Exercise 18.12 In this exercise, you will use the following code to generate random points and then fit a linear model to those points. In this case, you will already know the coefficients of the line (because we are simulating them), and you are testing to see how well our model fitting process works.

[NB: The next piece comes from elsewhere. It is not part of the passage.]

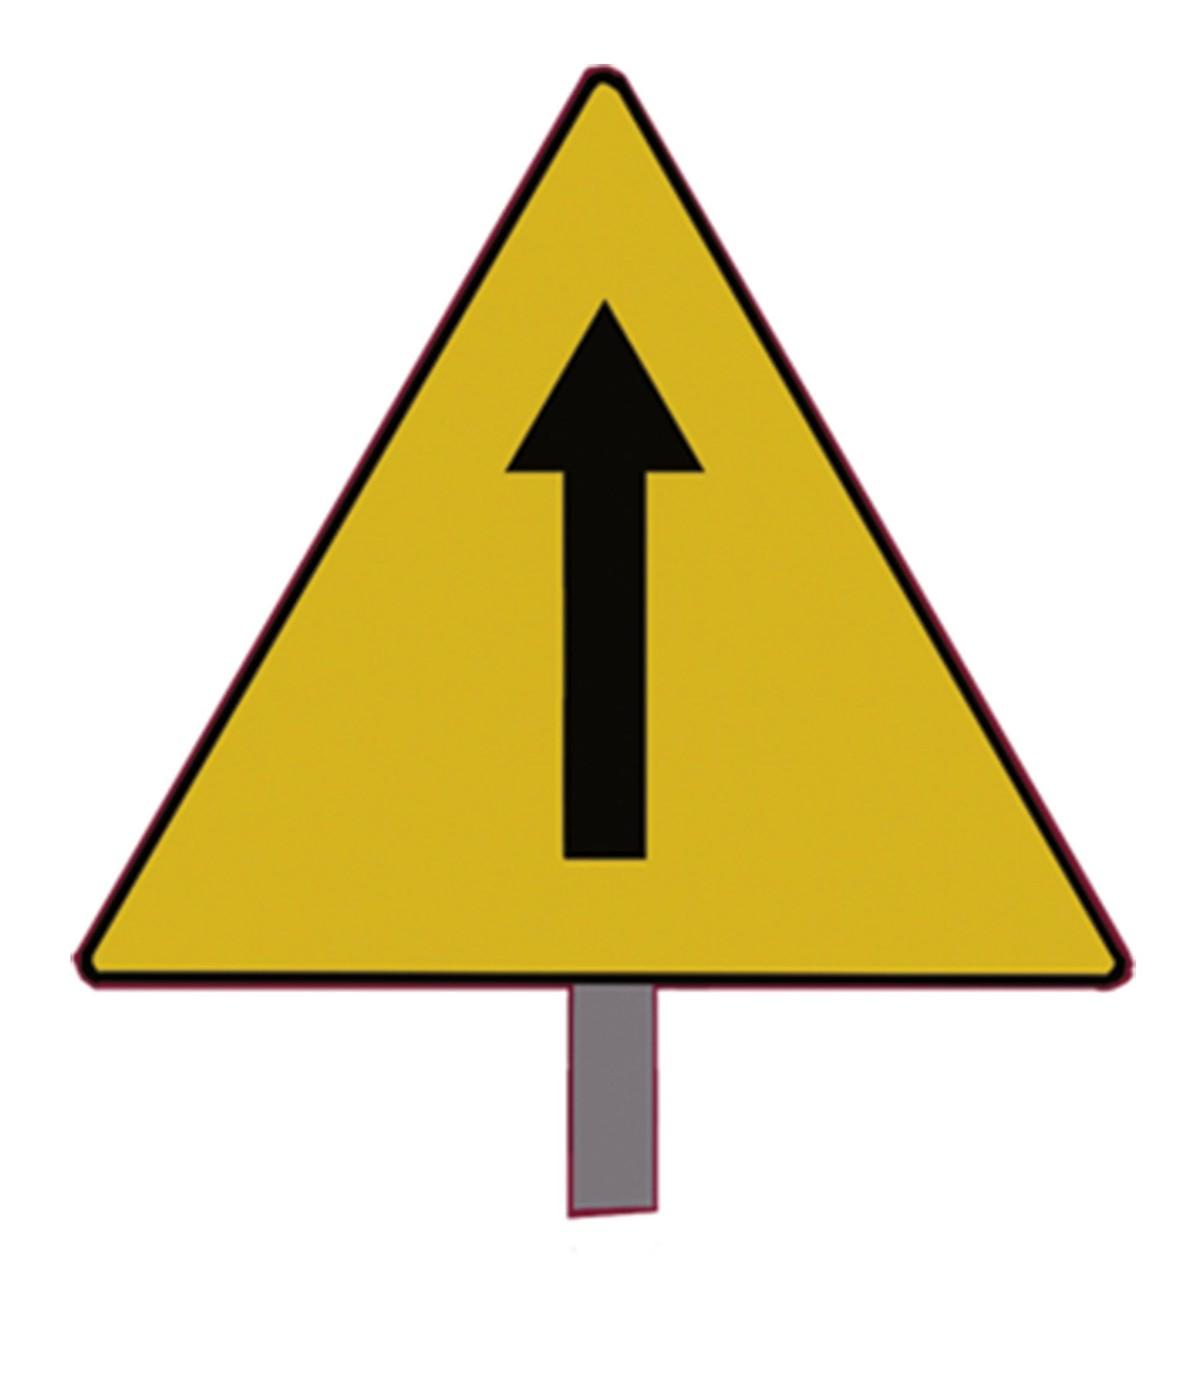 panneau de signalisation avec une flèche

  1. Run the following code as is a few times. Each time, a new dataset is generated because of the rnorm() call, which generates and assigns random residuals to each point. How much do the plot or summary results change? How close are the fitted values to the true values?
  2. What about the summary output can you use to evaluate if our estimates of beta0 and beta1 are approximately correct?
  3. Increase the value epsilon and then simulate the data and fit the model. Now how close are the fitted values to the true values? Does our ability to correctly estimate a parameter get better or worse as \(\epsilon\) increases?
  4. Now increase \(n\) to experiment with different sample sizes. Does our ability to correctly estimate a parameter get better or worse as \(n\) increases?
beta0 <- 4.2
beta1 <- 1.8
epsilon <- 1.8
n <- 10 

x3 <- runif(n, 0, 10)
y3 <- beta0+ beta1*x3 + rnorm(n, 0, epsilon)

plot(x3, y3)
my.lm3 <- lm(y3~x3)
abline(my.lm3)

summary(my.lm3)
## 
## Call:
## lm(formula = y3 ~ x3)
## 
## Residuals:
##     Min      1Q  Median      3Q     Max 
## -2.0127 -0.7128 -0.2663  0.8706  2.1504 
## 
## Coefficients:
##             Estimate Std. Error t value Pr(>|t|)    
## (Intercept)   3.9625     1.0849   3.652  0.00647 ** 
## x3            1.8784     0.1517  12.386 1.68e-06 ***
## ---
## Signif. codes:  0 '***' 0.001 '**' 0.01 '*' 0.05 '.' 0.1 ' ' 1
## 
## Residual standard error: 1.267 on 8 degrees of freedom
## Multiple R-squared:  0.9504, Adjusted R-squared:  0.9442 
## F-statistic: 153.4 on 1 and 8 DF,  p-value: 1.684e-06

 

Exercise 18.13 Using the faithful data (which is built in to R):

  1. What is a 95% confidence interval on the slope parameter.
  2. What does this range tell you about whether you should reject \(H_0\)?

 

Exercise 18.14 Using the following data for \(x\) and \(y\),

  1. Create a plot that shows the original data, and the best fitting line.
  2. Is \(x\) a statistically significant predictor of \(y\)?
  3. How much of the variation in \(y\) is explained by our model?
  4. What would you predict as a point estimate and a likely range for a new value of \(y\) if \(x^* =16.5\)?
  5. What would you predict as a point estimate and a likely range for the average value of \(y\) if \(x^* =16.5\)?
  6. Why are your answers to (d) and (e) different? Which interval is wider?
x <- c(19.39, 10.72, 10.35, 19.78, 15.94, 17.95, 15.90, 19.90, 15.01, 13.22, 11.69, 16.40, 13.84, 14.76, 12.68)
y <- c(32.42, 18.21, 19.16, 34.80, 24.04, 31.83, 25.99, 31.89, 27.00, 22.47, 19.63, 26.44, 25.56, 27.03, 23.93)

 

Exercise 18.15 Again using the above data for \(x\) and \(y\), create a plot that shows the original data, the best fitting line, and the confidence interval of the prediction, i.e. the likely range of mean values of \(y\) given all \(x\) in the range from 10 to 20.

Create 95% confidence intervals around both coefficients: \(\beta_0\) and \(\beta_1\). How do these confidence intervals relate to our null hypothesis?

 

Exercise 18.16 In a few sentences, explain why just using a point estimate for prediction might have limited usefulness.

 

Exercise 18.17 In a few sentences, discuss why the uncertainty and therefore the computed interval width of a new single prediction of \(y\) is much larger than range of the average value of \(y\) given \(x\).

 

Exercise 18.18 In the lecture notes, graphs were presented including those that computed both the 95% confidence and prediction intervals. What do you expect would happen to these interval widths if we computed a 99% confidence interval? Try it using the cars data and confirm your guess.